#### [Task objective]
Output each line of the data below exactly, omitting any image.

#### [Information supplied]
○ ○ ○ ○ ○

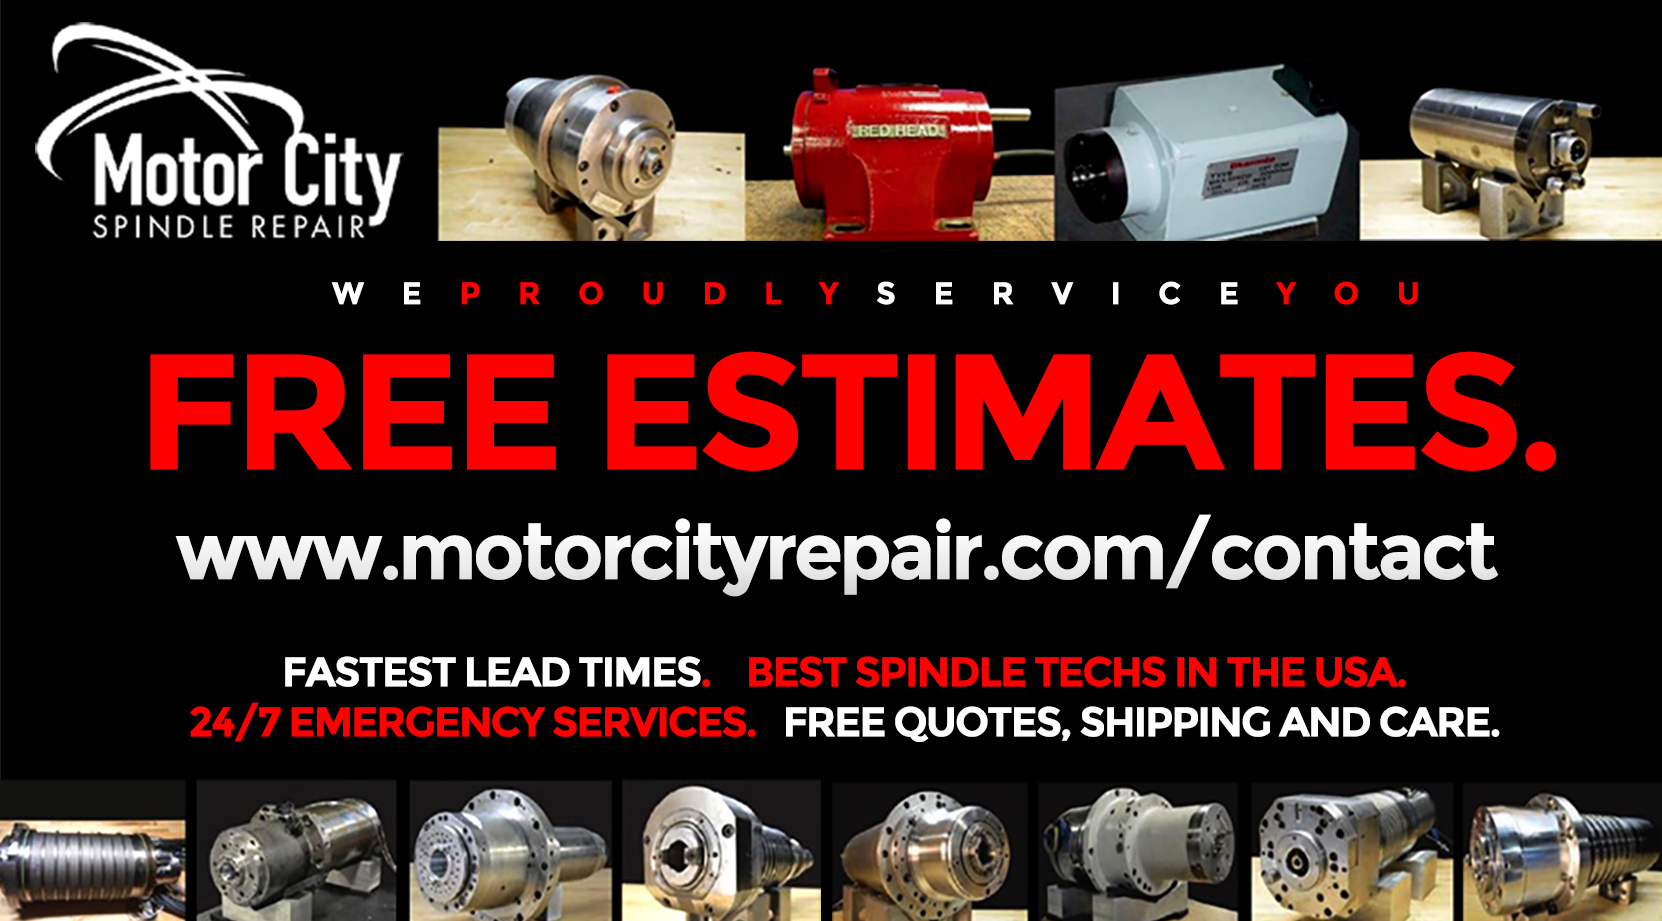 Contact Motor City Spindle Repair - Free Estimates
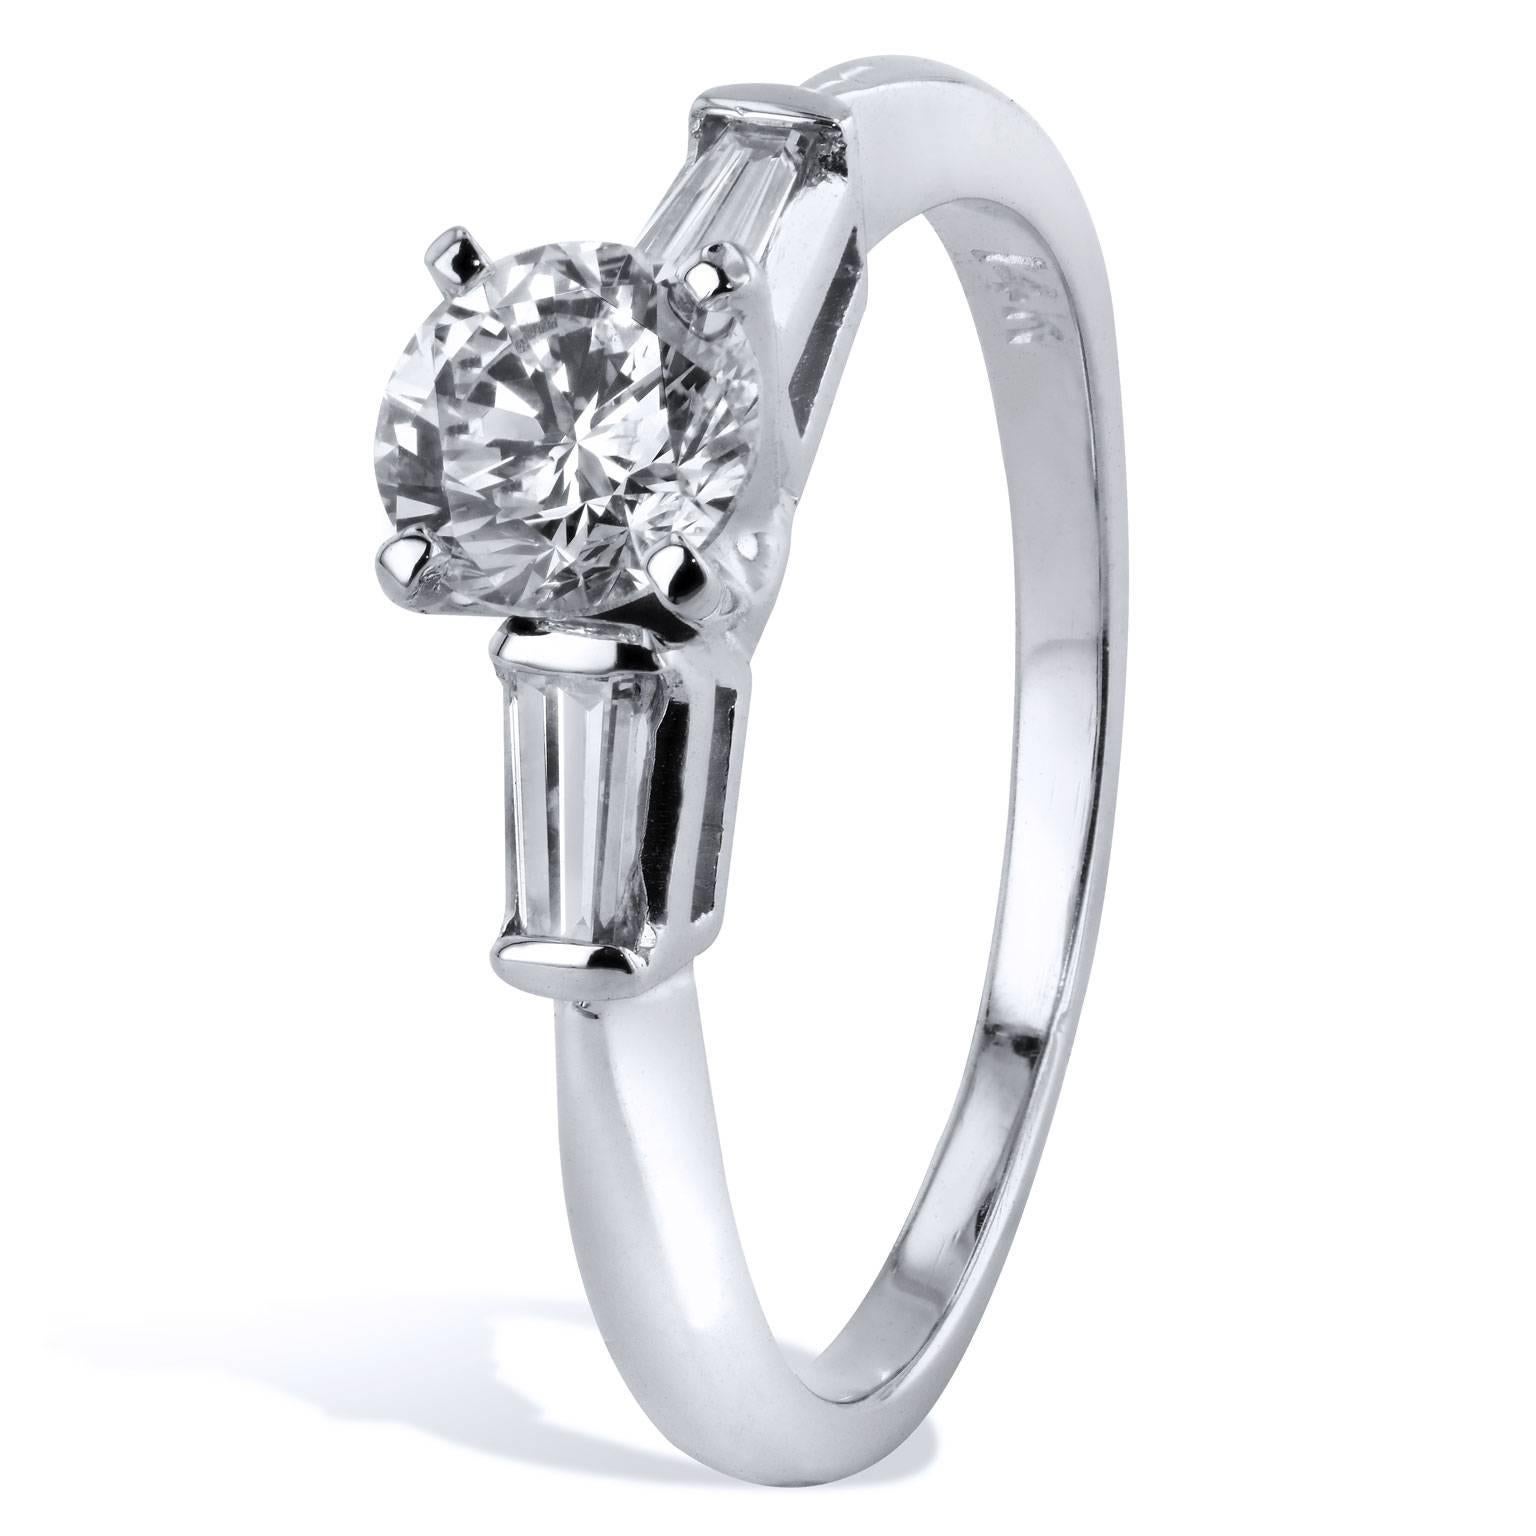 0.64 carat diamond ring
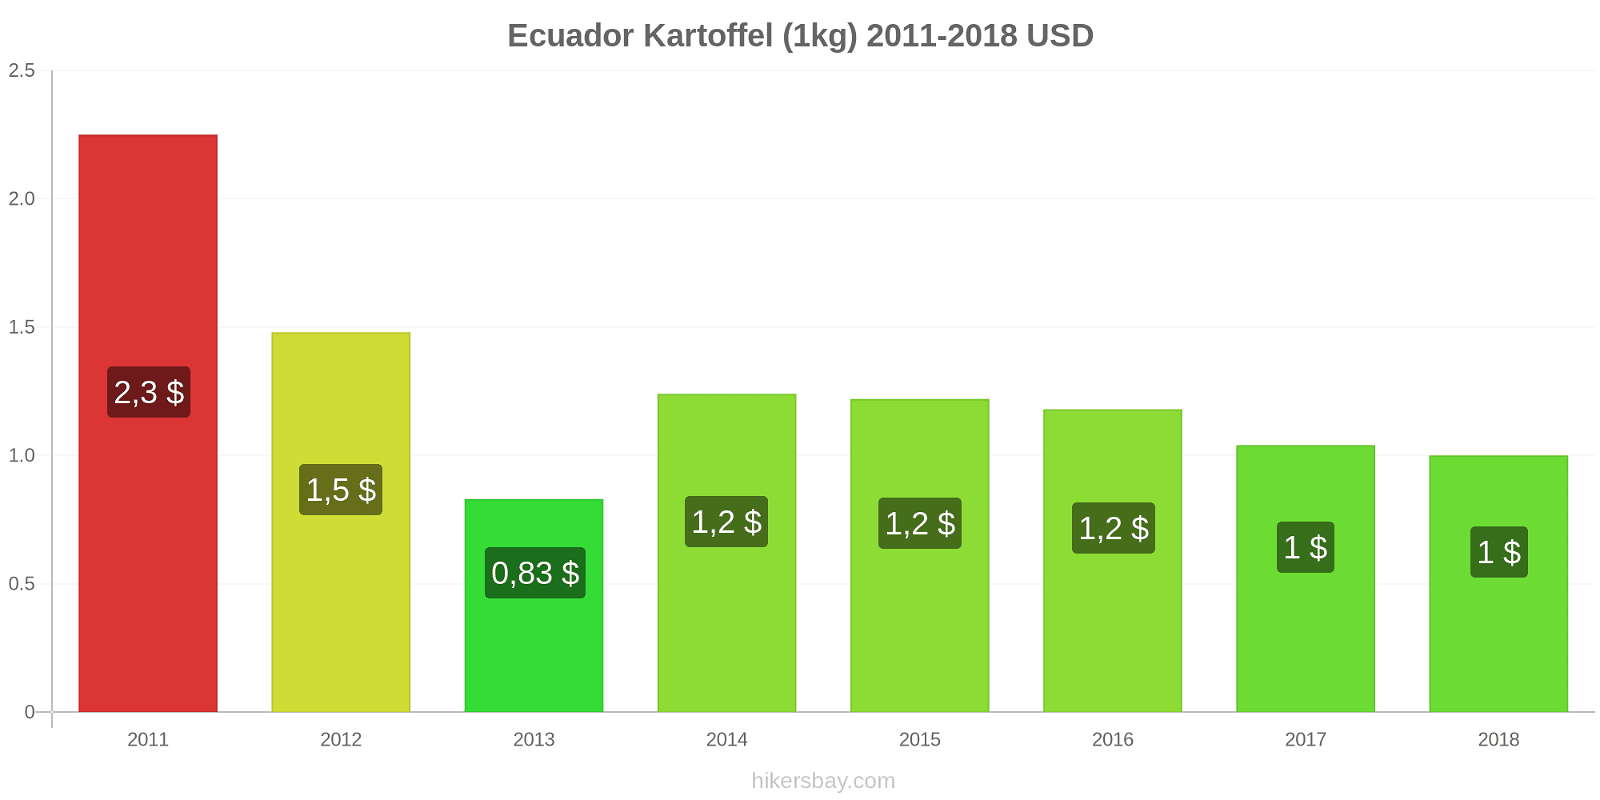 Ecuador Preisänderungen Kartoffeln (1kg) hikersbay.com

○ ○ ○ ○ ○

#### [Exercise answer]
 Contact Motor City Spindle Repair - Free Estimates
 0.64 carat diamond ring
 Ecuador Preisänderungen Kartoffeln (1kg) hikersbay.com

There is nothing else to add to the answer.